# Exercise objective:
What you return should be the complete data below, word for word, with no pictures in it.

# Dataset section:
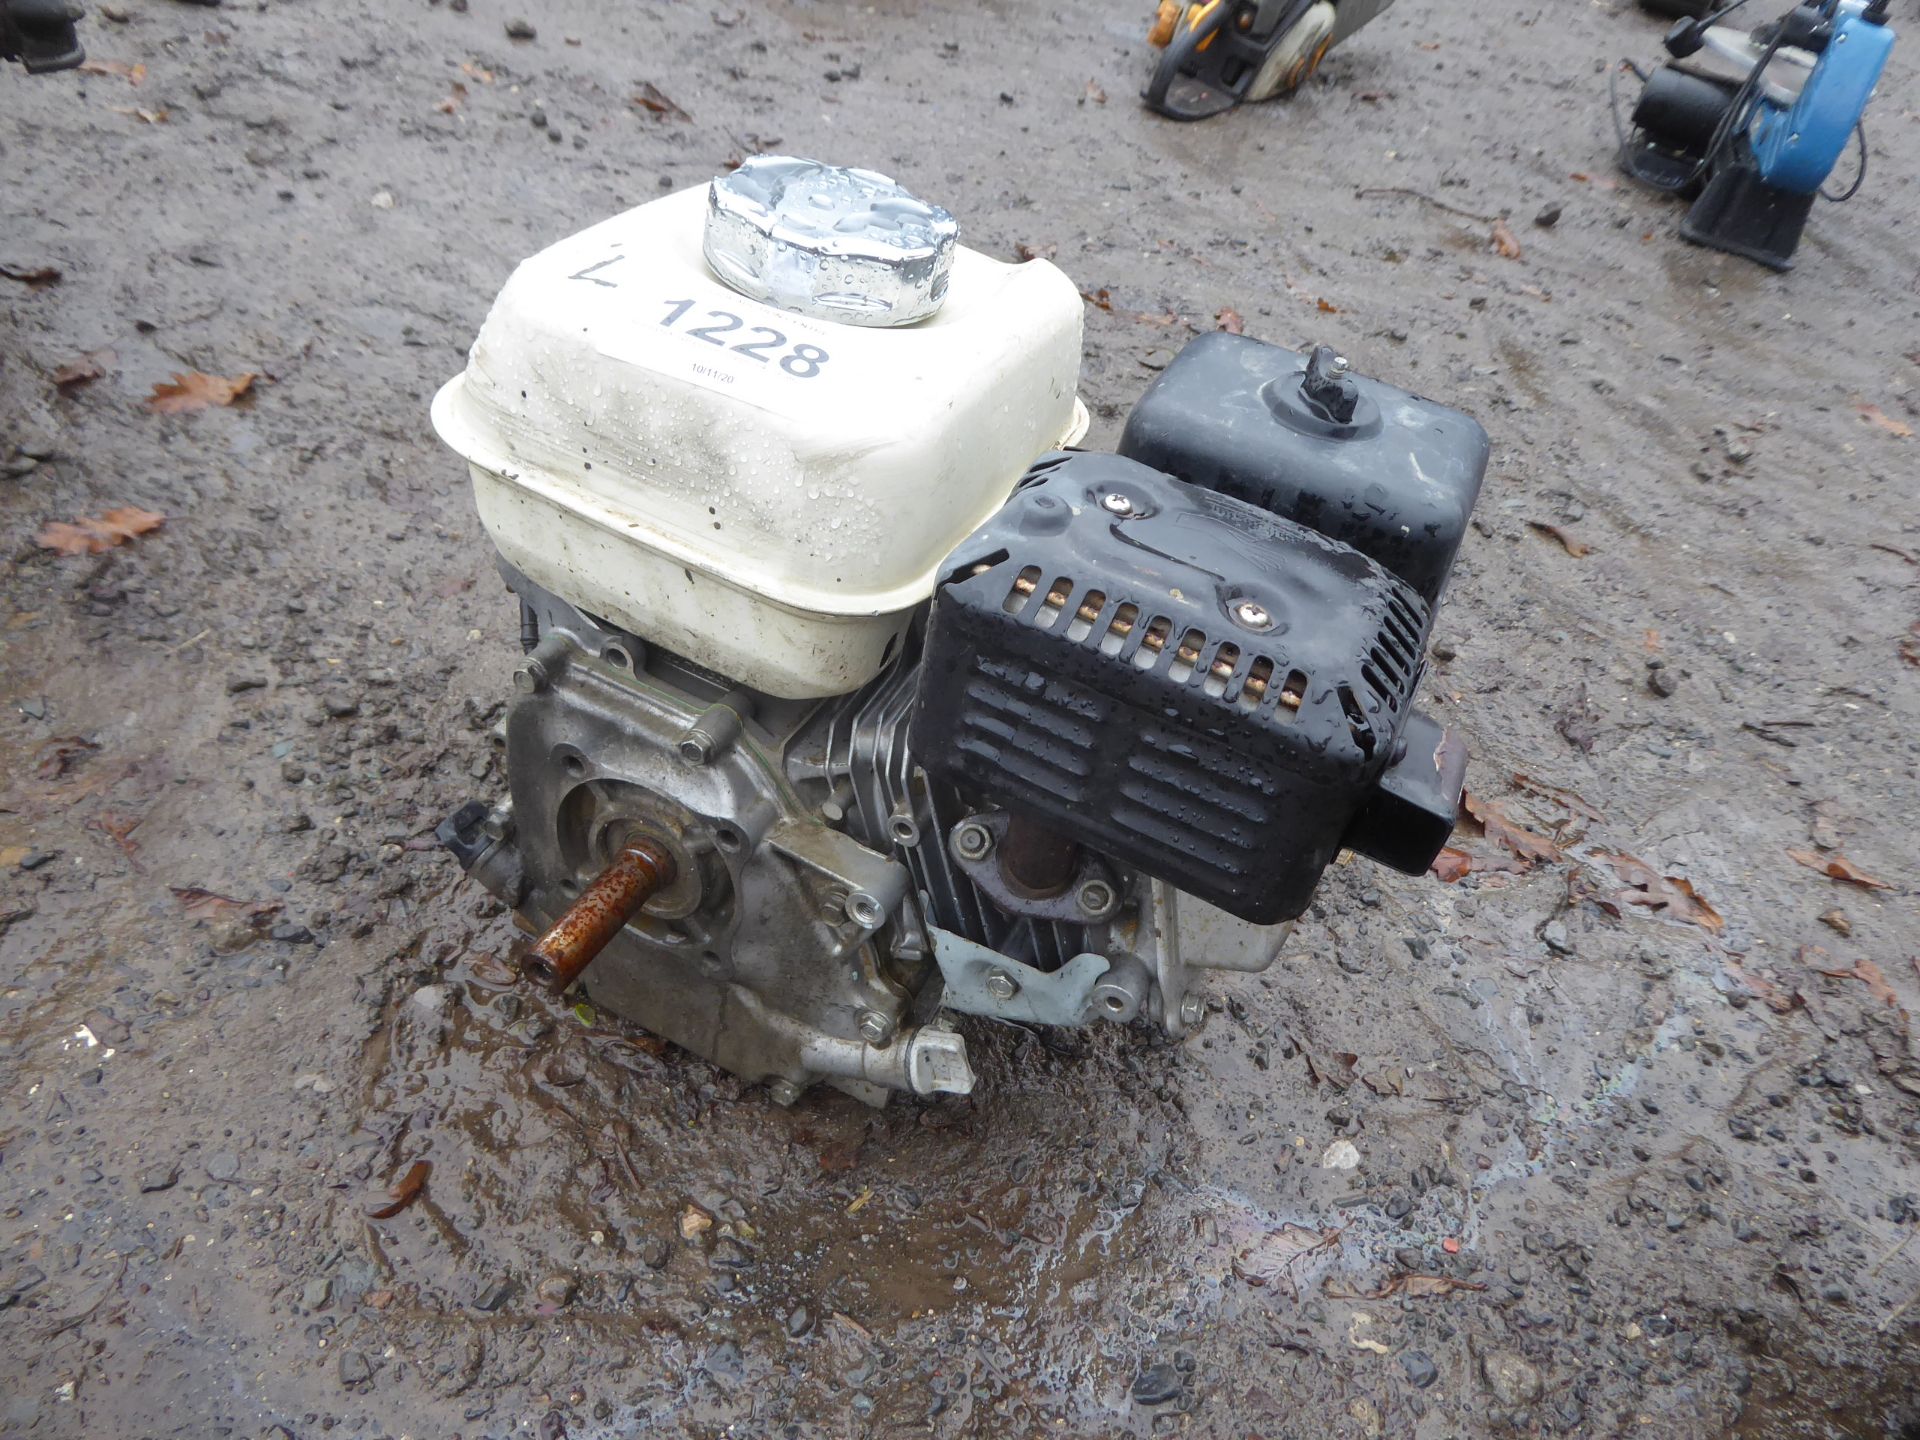 Honda GX 120 petrol engine 3/4" shaft
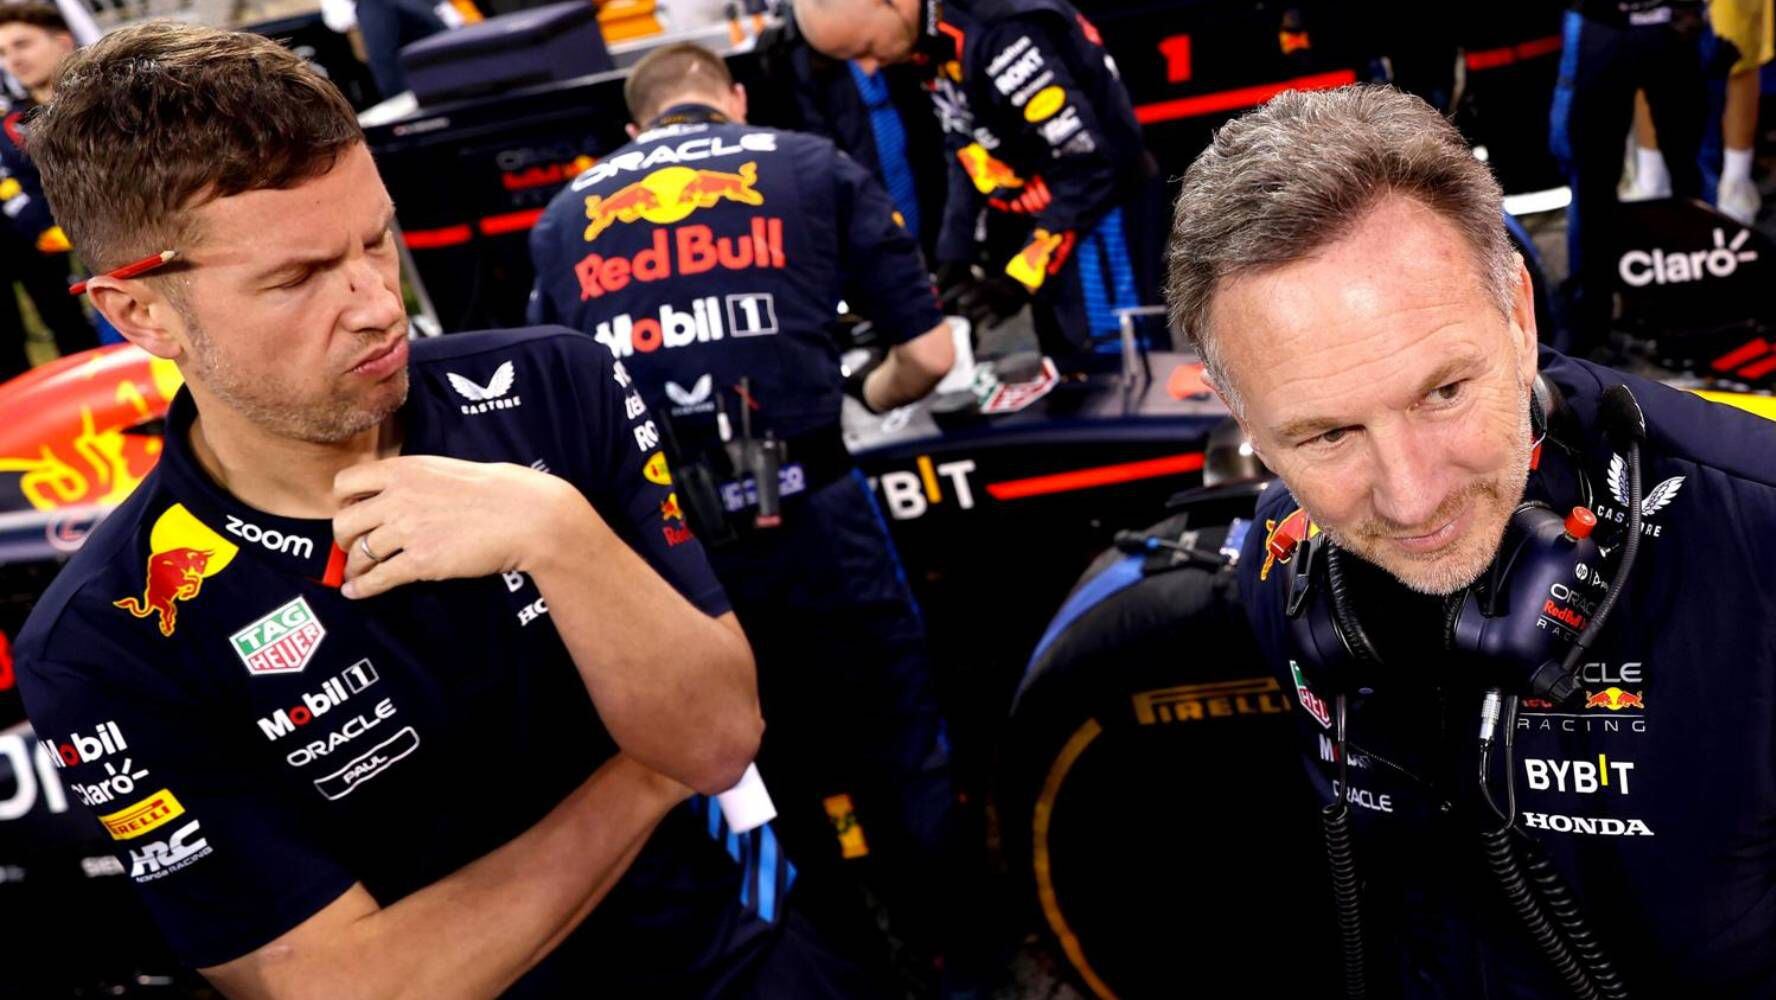 Christian Horner iba a ser despedido de Red Bull: Esto dice el supuesto comunicado de su salida
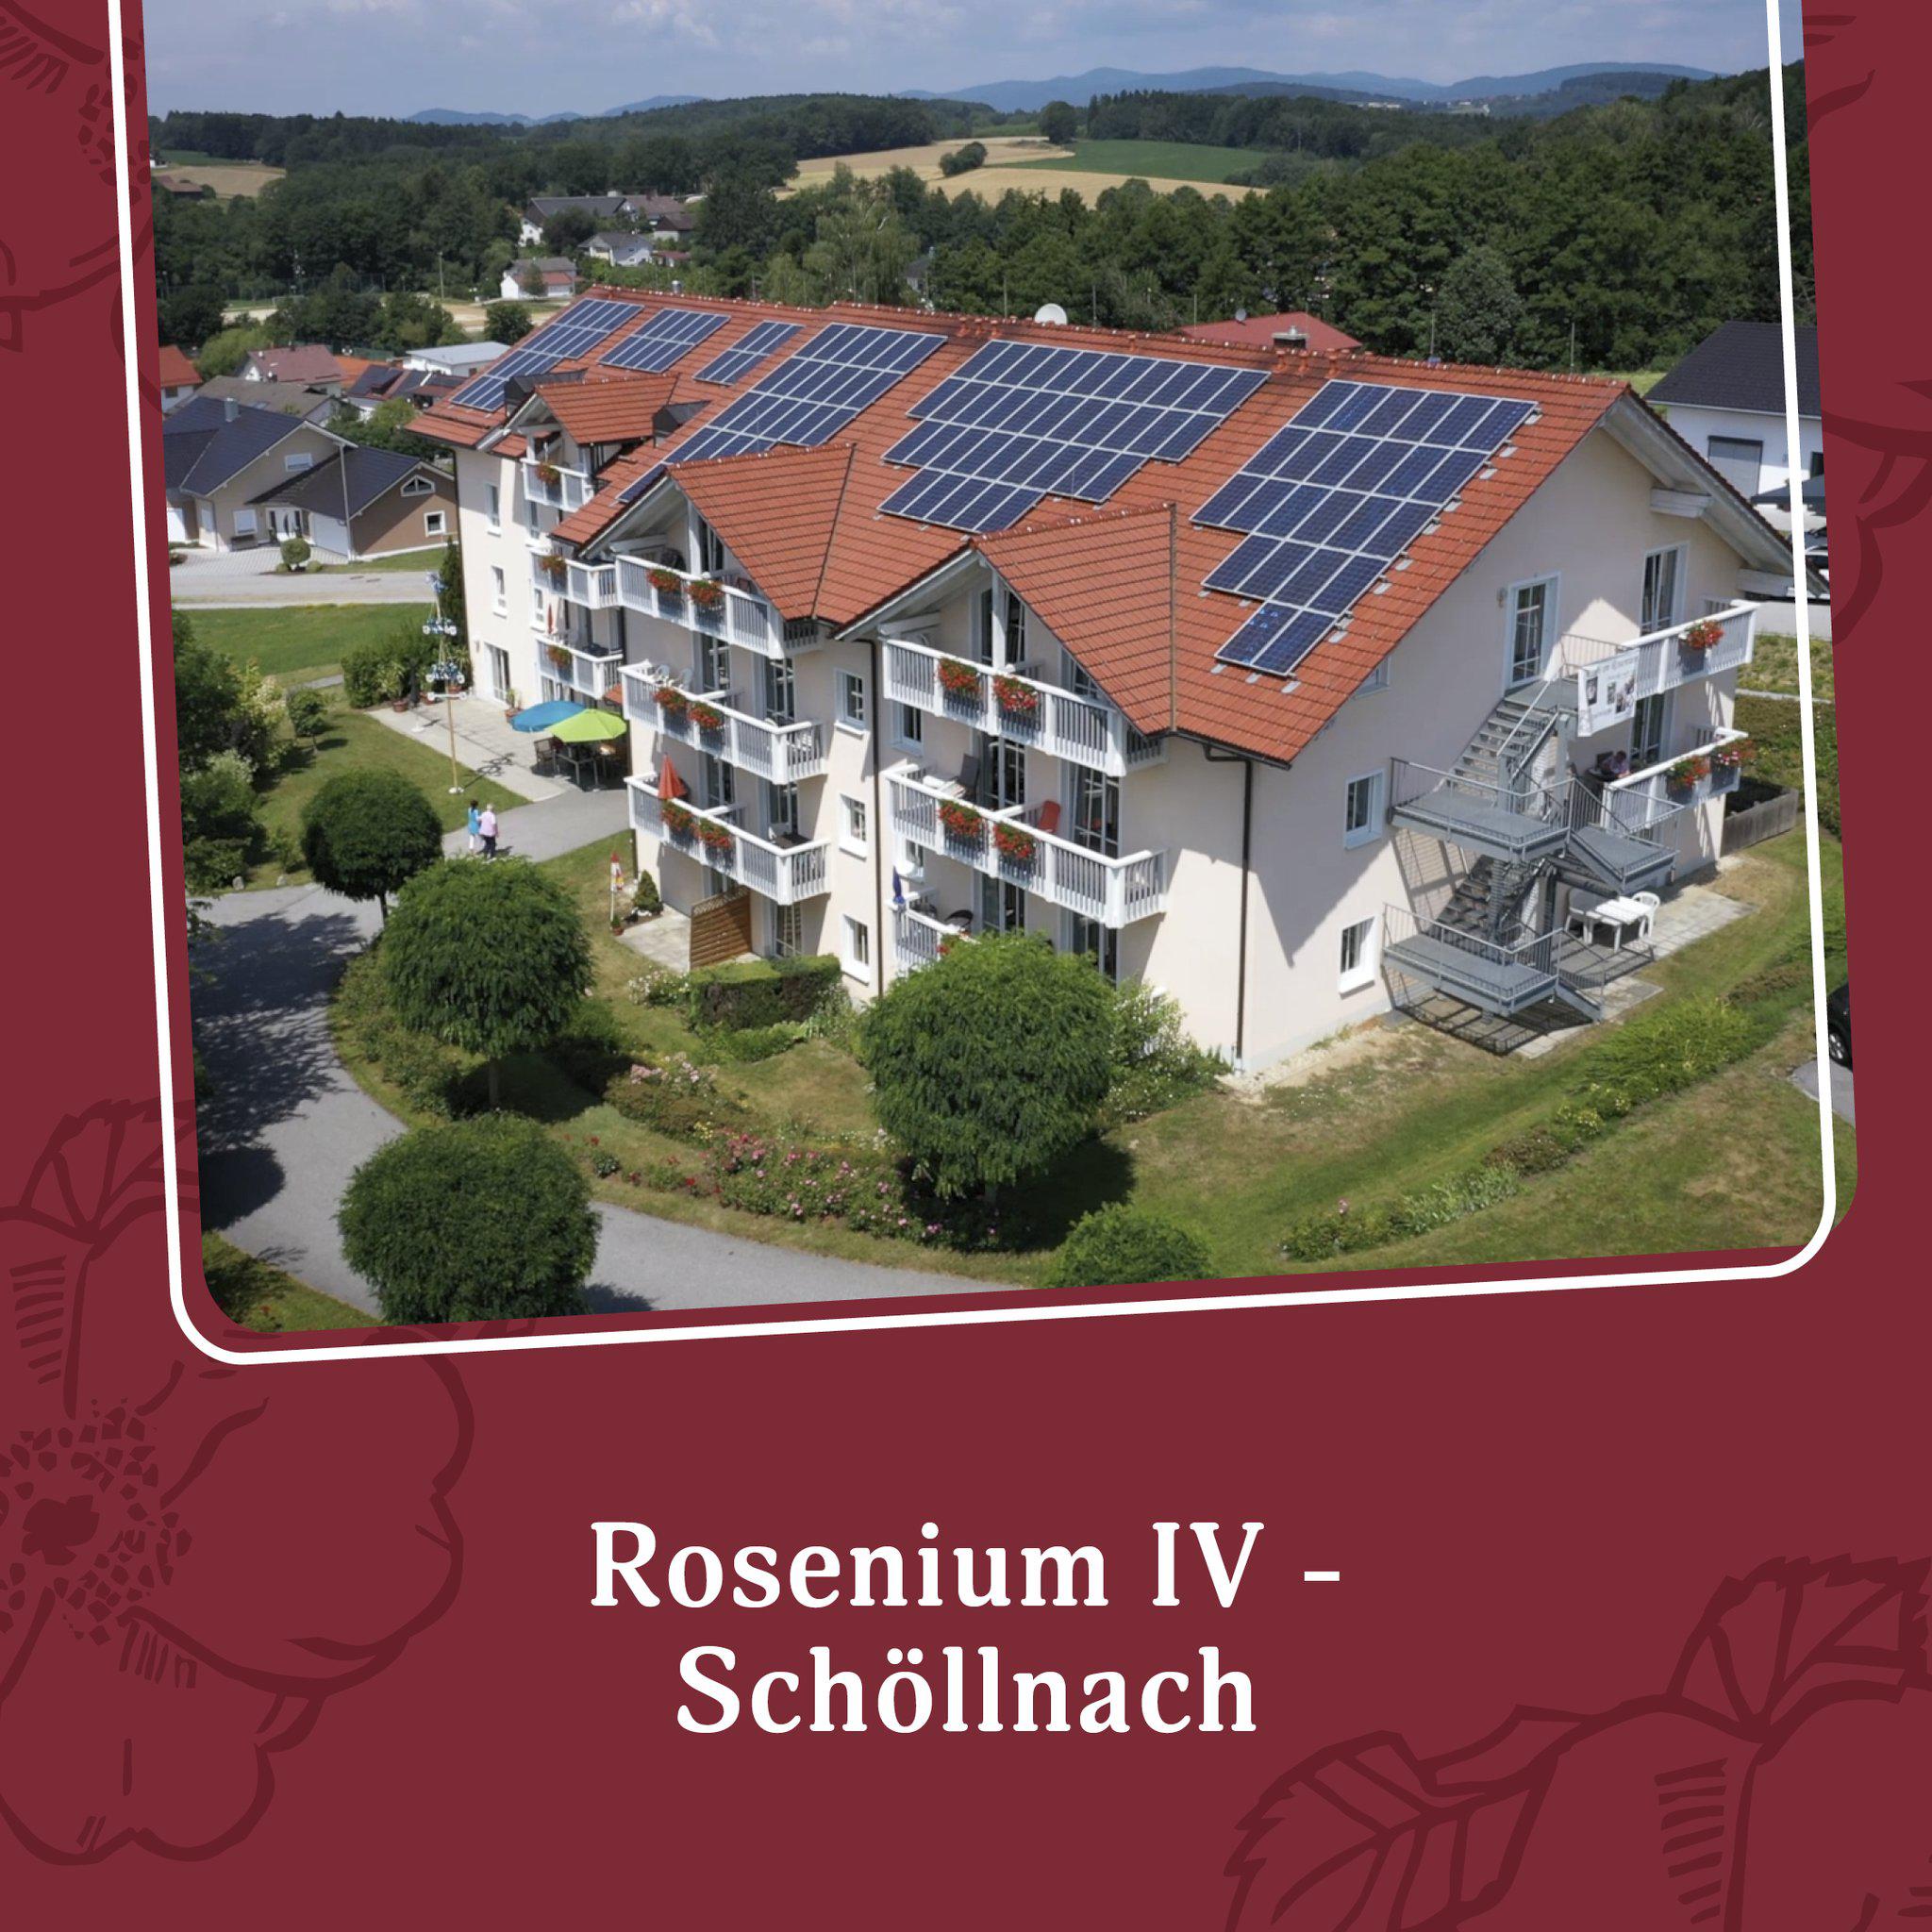 Rosenium Schöllnach, Schosserweg 6 in Schöllnach

# Exercise response:
 Honda GX 120 petrol engine 3/4" shaft
 Christian Horner iba a ser despedido de Red Bull: Esto dice el supuesto comunicado de su salida
 Rosenium Schöllnach, Schosserweg 6 in Schöllnach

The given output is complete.